▶ SUPPLIED DATA
╔══

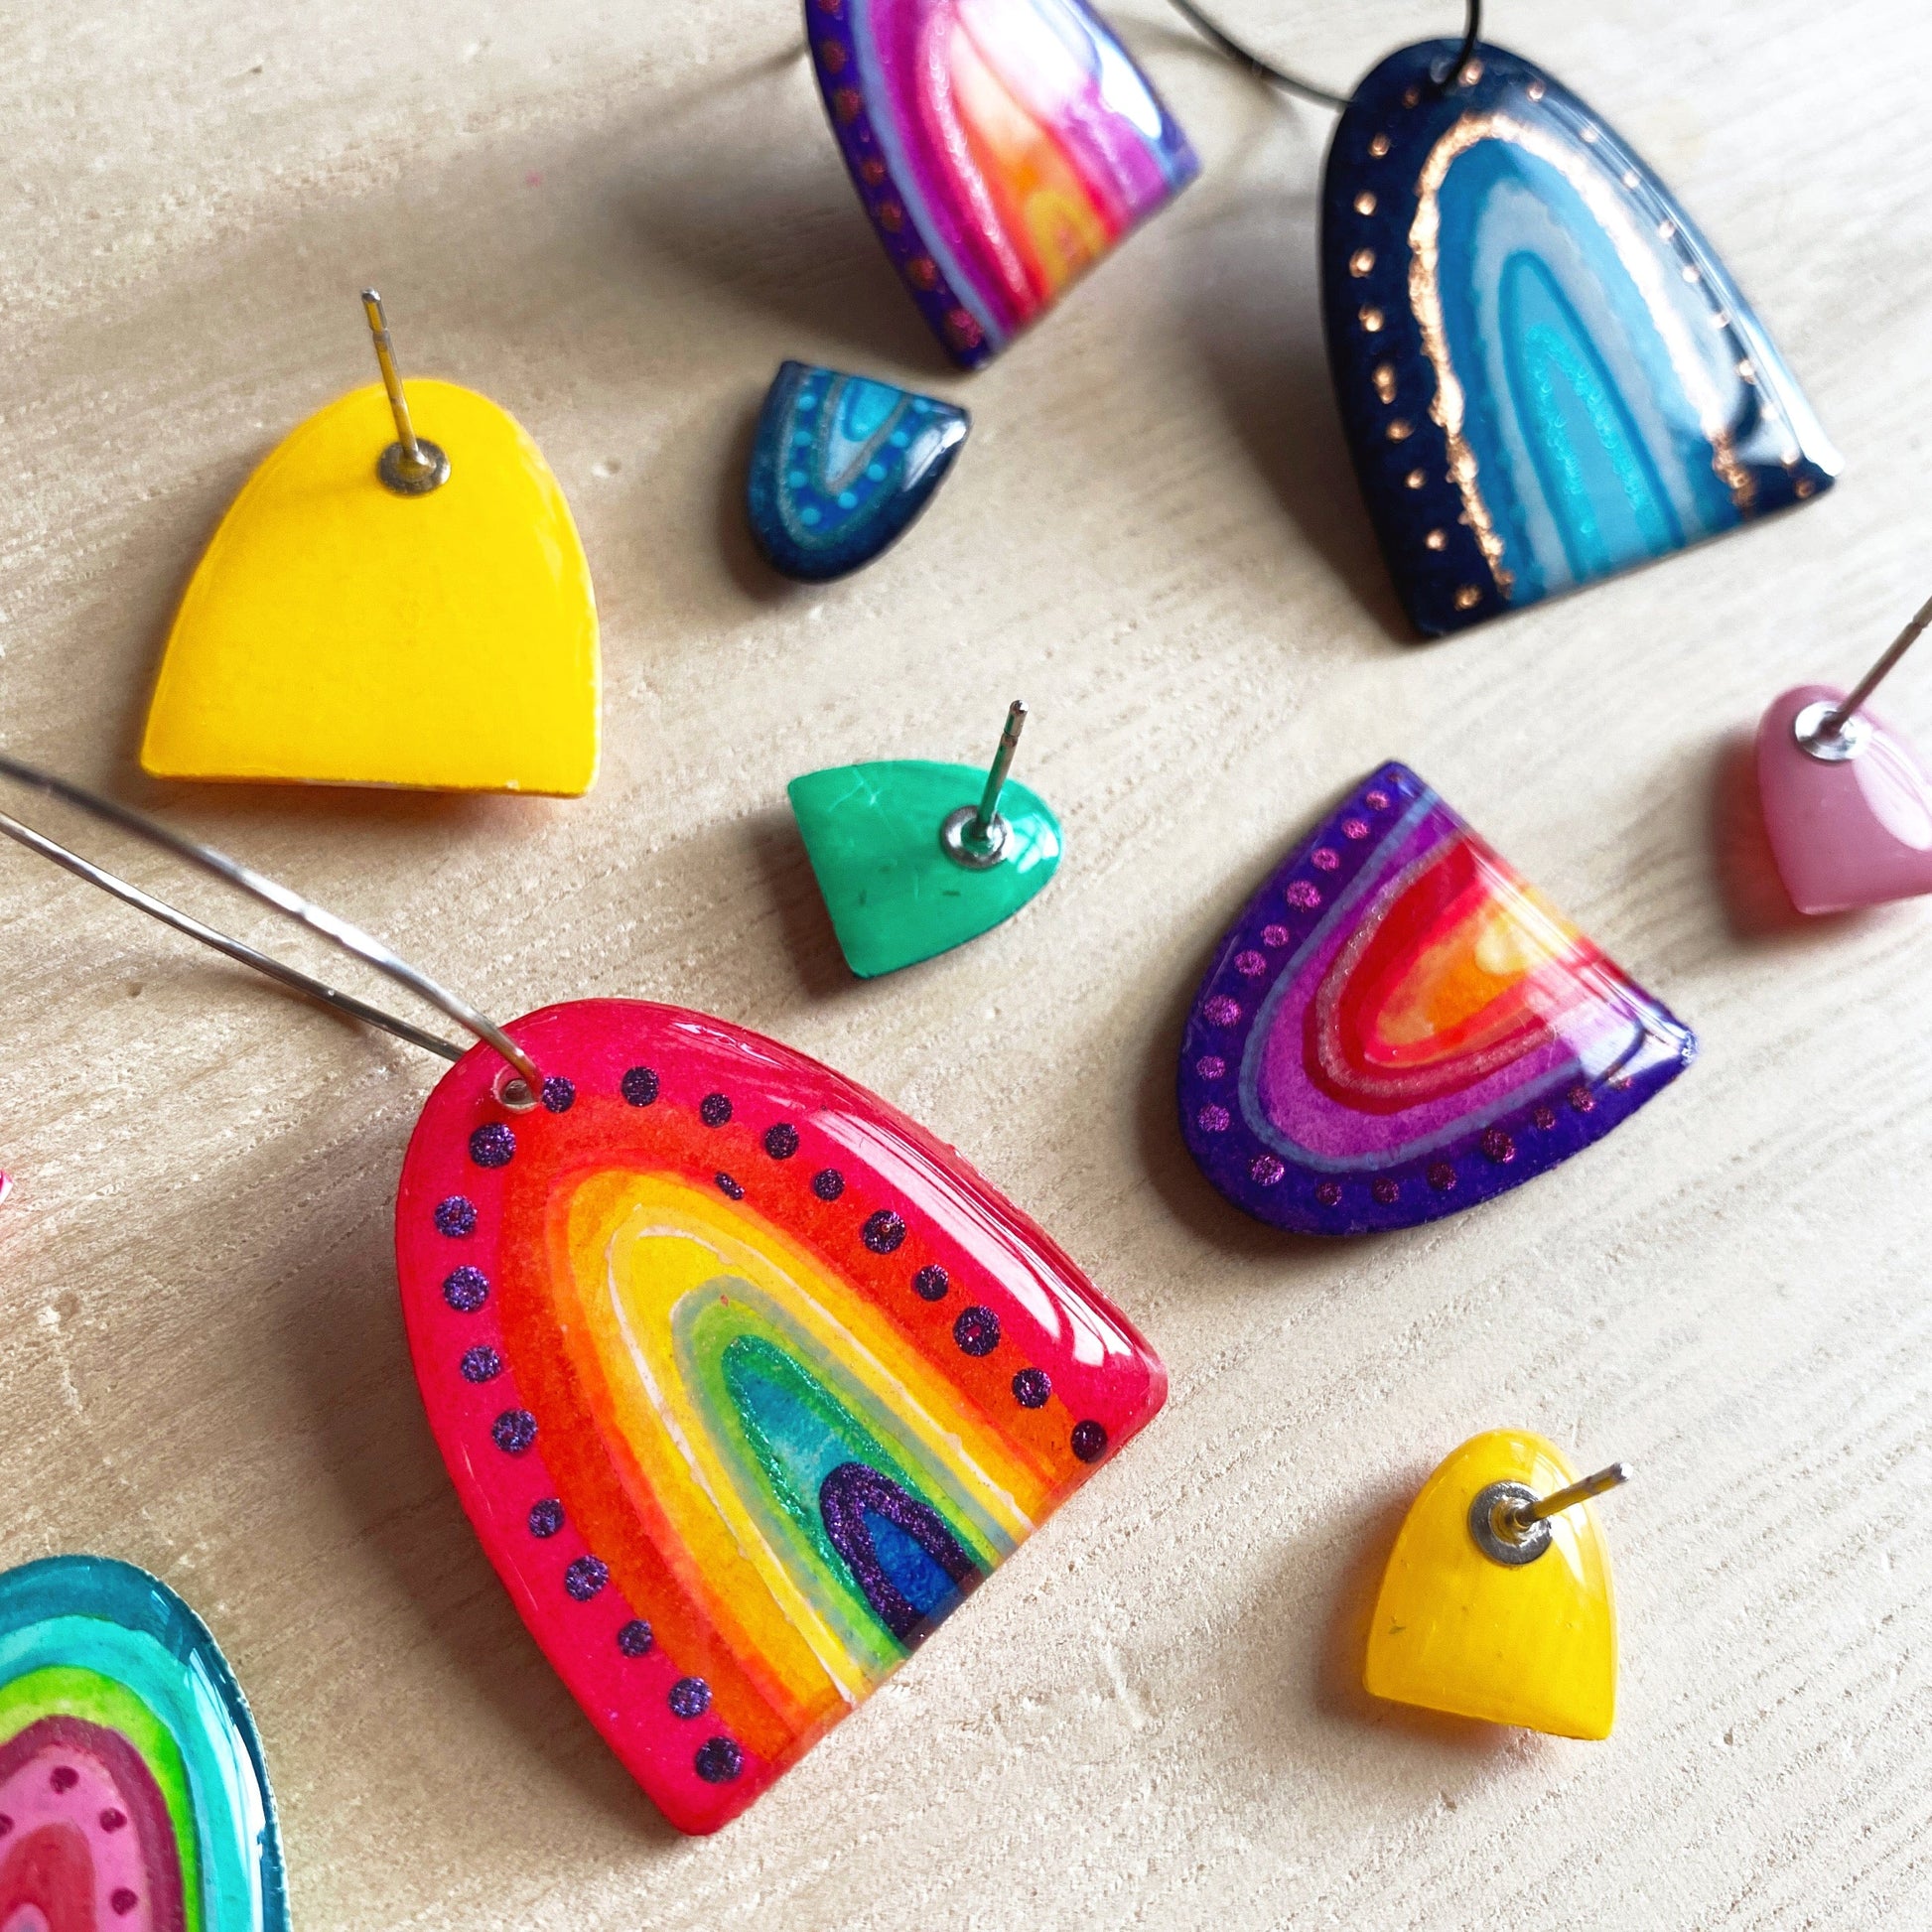 Lacroz Creations Earrings Rainbows | Midi Stud Earrings
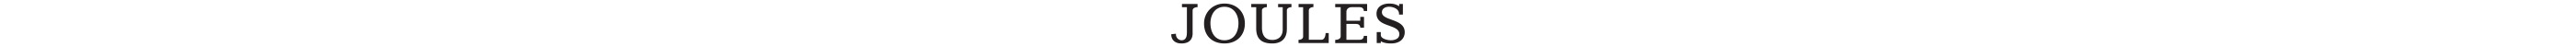 Joules-logo_DT
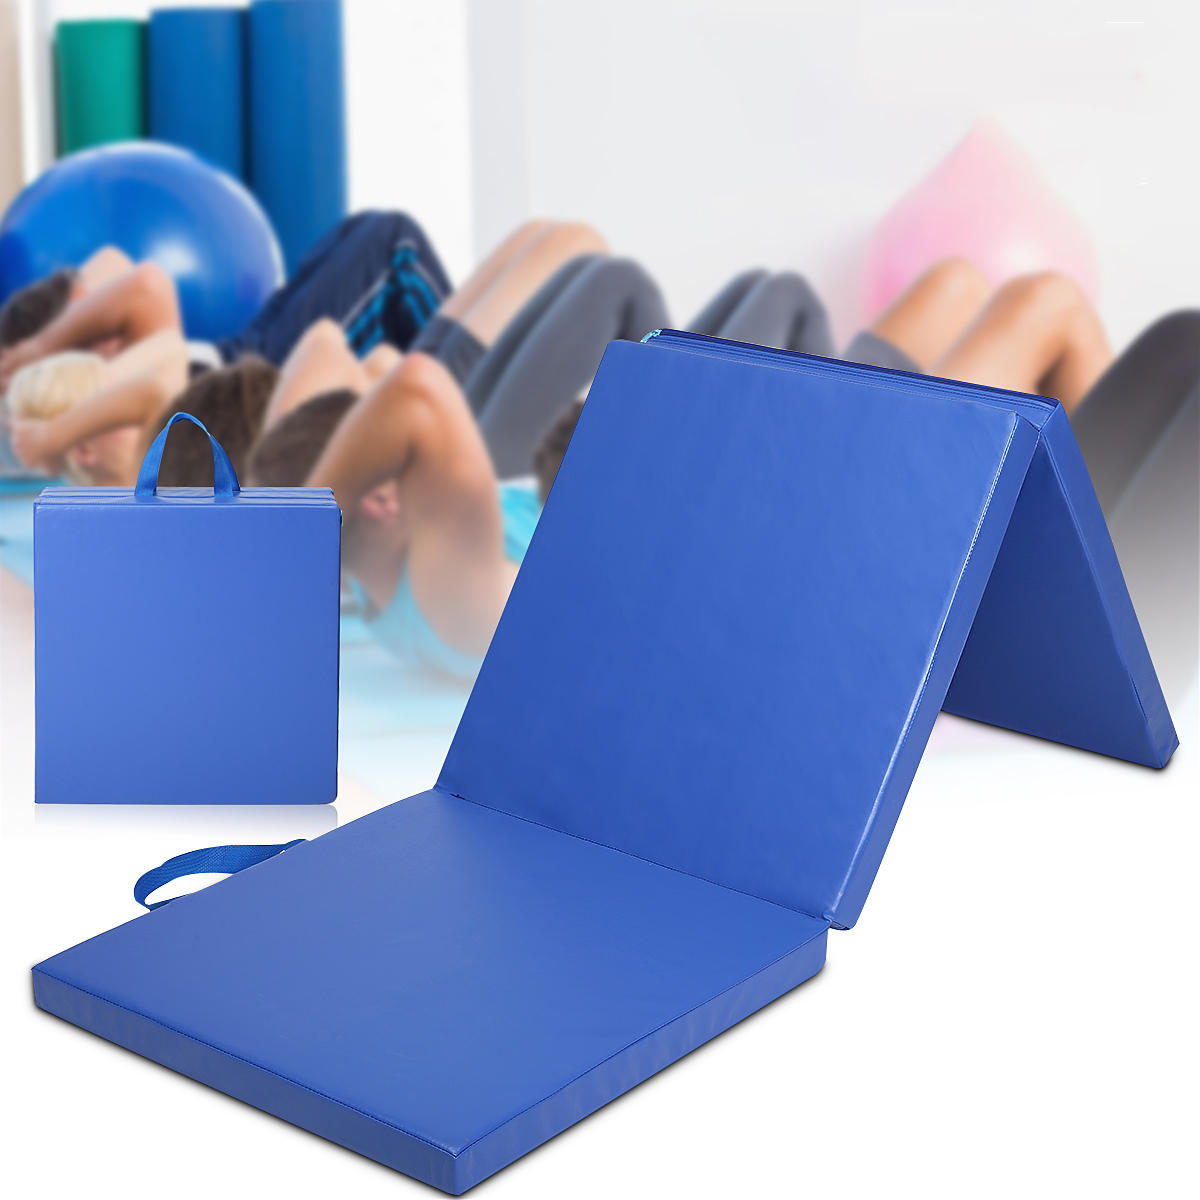 70×23×2 pouces 3 Plis Tapis de Gymnastique Yoga Exercice Gym Portable Panneau Airtrack Escalade Pilates Coussin

╚══

▶ TASK TO CARRY OUT
Beginning with the line that contains "Joules-logo_DT" and ending with the final line of the material, reproduce those lines exactly and nothing else. Omit the pictures.

▶ RESPONSE TO THIS TASK
 Joules-logo_DT
 70×23×2 pouces 3 Plis Tapis de Gymnastique Yoga Exercice Gym Portable Panneau Airtrack Escalade Pilates Coussin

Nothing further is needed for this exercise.